He's got eight ladies in labor right now. Thank God for cell phones.
Steve Dickens, a cardiologist at Cedars-Sinai Medical Center in Los Angeles, on the satellite failure last week that disrupted pagers all across the country, particularly inconveniencing medical professionals. Mr. Dickens's brother is an obstetrician.
It was a choice by God.
Azita Milanian of Altadena, Calif., who found "Baby Christian," an infant abandoned and buried along a hiking trail.
This is not a case of us versus transgendered individuals.... Our clientele are predominantly gay, lesbian, transsexual, and bisexual.
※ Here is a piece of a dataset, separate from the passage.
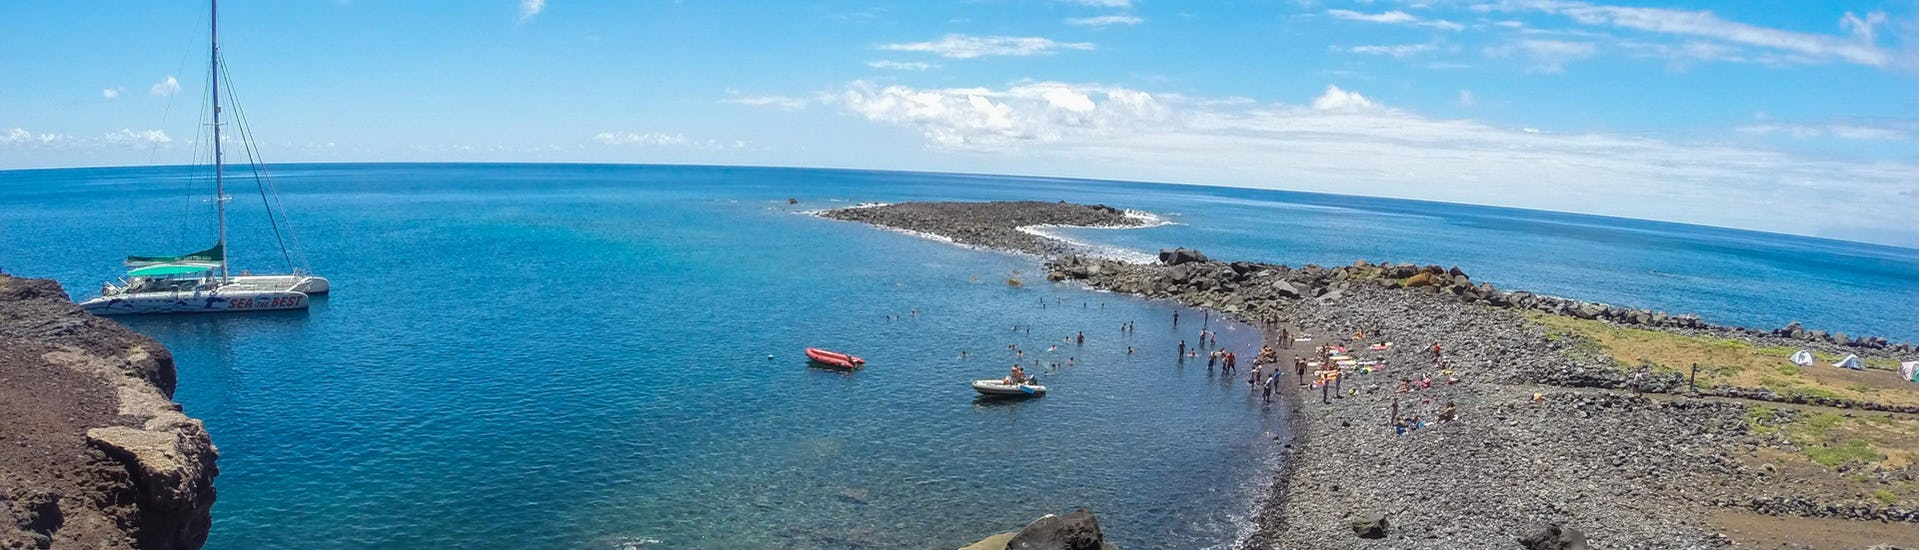 Madeira Cartina.Catamaran Tour To Desertas Islands With Hiking Snorkeling Di Vmt Madeira

We try to be inclusive.
Manager Stephen Andrew of a Victoria, B.C., gay bar, which is being sued by a man currently undergoing a sex change, after Mr. Andrew prohibited the man from using the women's restroom.
Please, pretty please, get on the stick.
Georgia Gov. Zell Miller in a meeting with state bureaucrats in which he criticized the agency heads for failing to act quickly on the Y2K computer problem. Gov. Miller expected action plans to be submitted by March 1, but told the Atlanta Journal-Constitution that only 16 of 68 departments had done so.
Nearly every month we read another headline and murmured, 'He's toast.' Instead, he prevails, not toast at all but the Wonder Bread boy of American politics-slightly wet, pasty white, and nutrient free.
Lucianne Goldberg, adviser to Linda Tripp, on President Clinton in George Magazine.
Maxicare's decision shows that they believe in the industry's commitment to the health of our entertainers.
Gloria Leonard, president of the Free Speech Coalition, on the decision last week by a managed-care organization to provide health coverage for actors in pornographic films. Maxicare spokesman Thomas Franco said the coverage deal was "not an endorsement" of the industry.